Este modelo adequado para o Brasil sofreu um retrocesso quando o governo Lula se convenceu que havia encontrado “uma Venezuela” na camada do pré-sal. Sem dúvida houve descobertas animadoras, sendo a mais importante a do campo de Lula, já em produção, com reservas estimadas entre seis e nove bilhões de barris. No entanto, blocos vizinhos foram devolvidos por absoluto insucesso. Outros campos indicados como promissores foram cedidos à Petrobras, pela União, a título de integralização do aumento de capital da companhia.
Os investimentos que terão de ser feitos nas áreas concedidas e cedidas exigirão esforço hercúleo da Petrobras. Espera-se que sejam exitosos, mas não se pode desconsiderar a possibilidade de insucesso.

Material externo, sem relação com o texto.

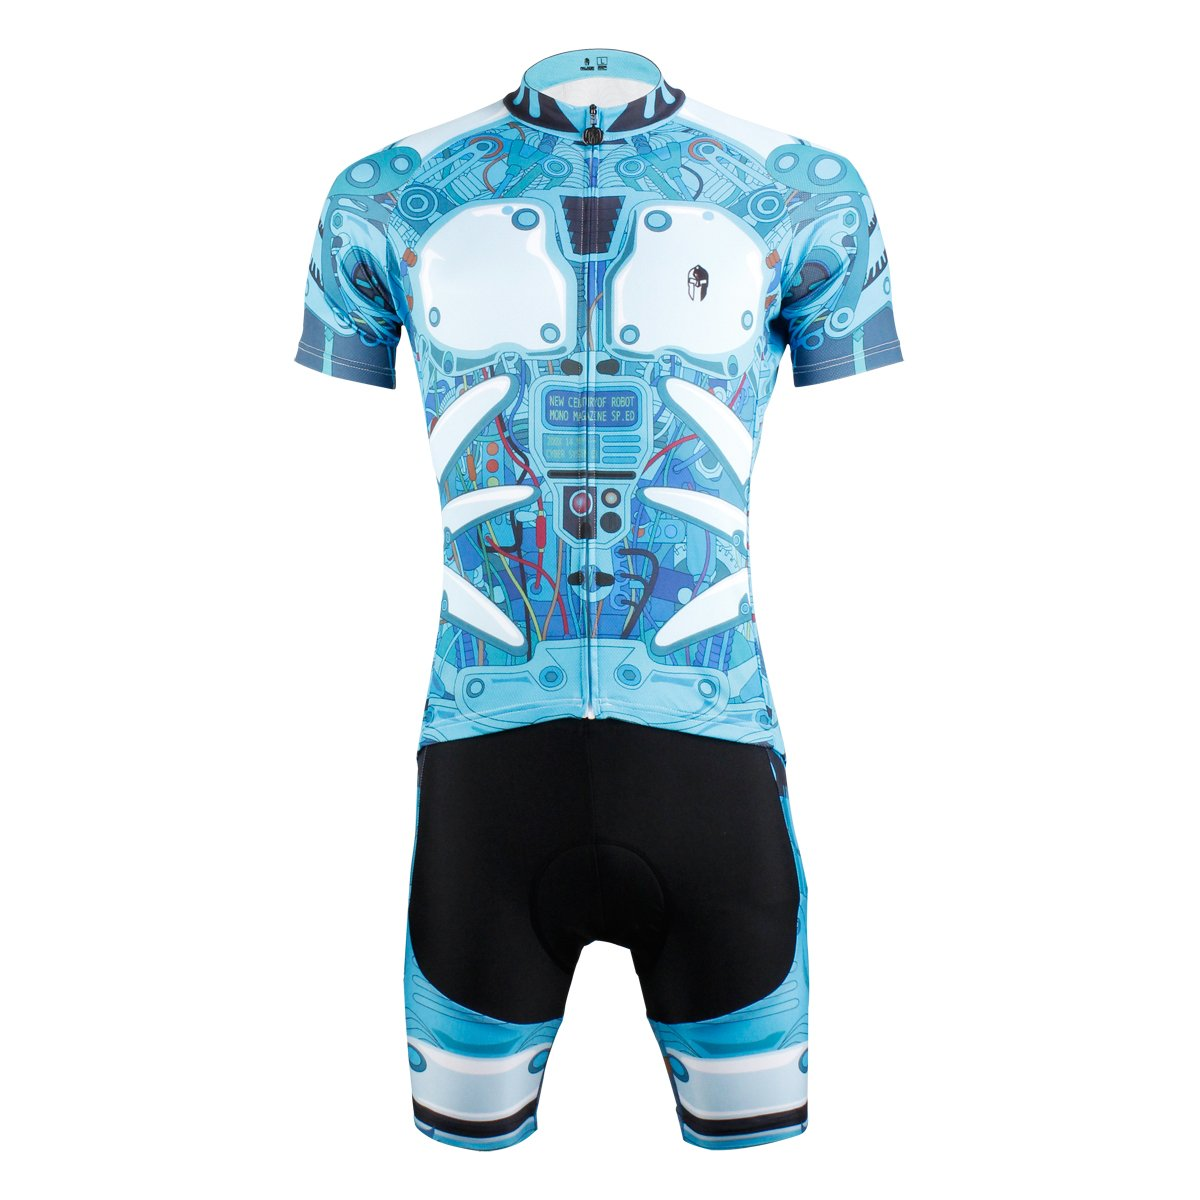 [paladin] サイクルジャージ 上下セット 吸汗速乾 通気がいい 夏用 スポーツ アウトドア サイズ選択可 X-Large  B01ET1OP2Y
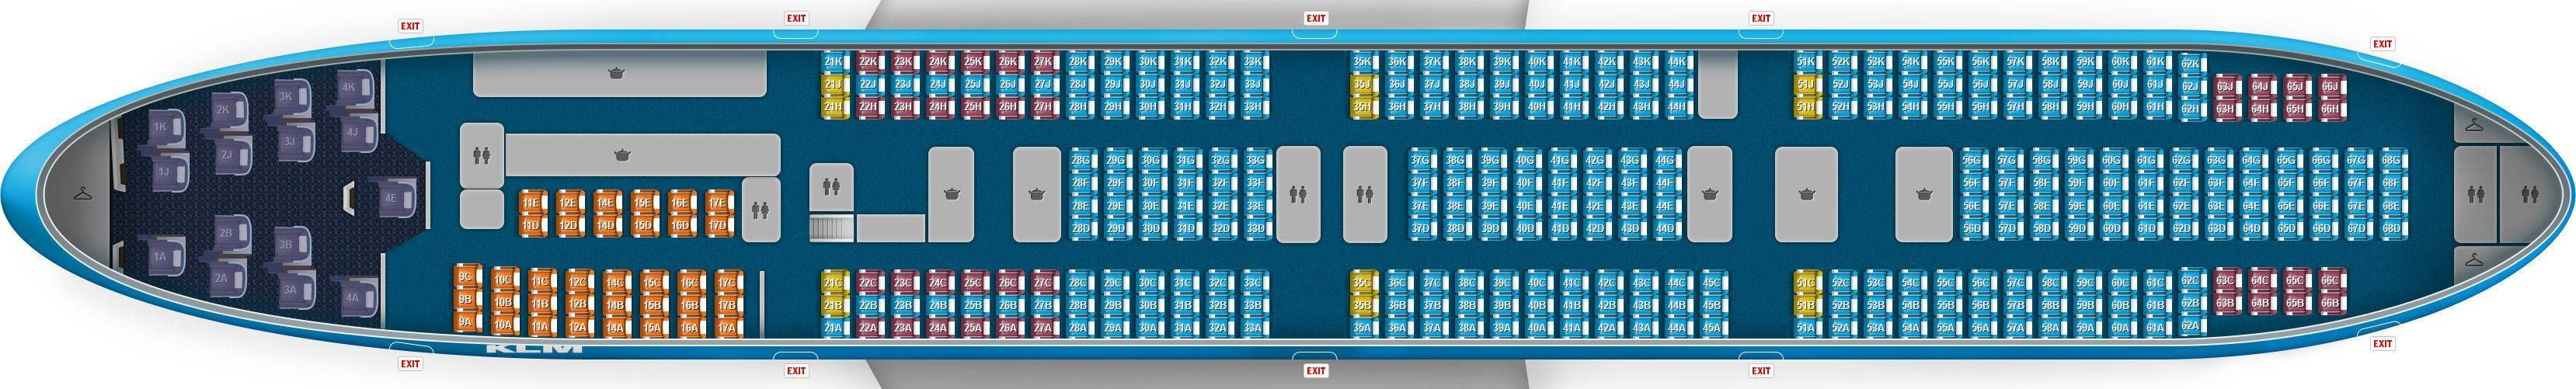 747 flat bed_tcm638-481284

Não faz, então, o menor sentido que, diante de tamanho desafio, o governo tenha adotado um modelo para exploração de futuras áreas da camada do pré-sal que obriga a Petrobras a participar com pelo menos 30% dos consórcios concorrentes e ainda ser obrigatoriamente a companhia operadora do que sair vencedor da licitação.
As dificuldades que a Petrobras vem enfrentando para executar seu ambicioso plano de negócios mostram a necessidade de se rever essa tentativa de restabelecer um monopólio estatal ultrapassado e infrutífero. Para a própria Petrobras, o modelo instituído para exploração de novas áreas do pré-sal ainda não concedidas poderá se tornar um pesadelo.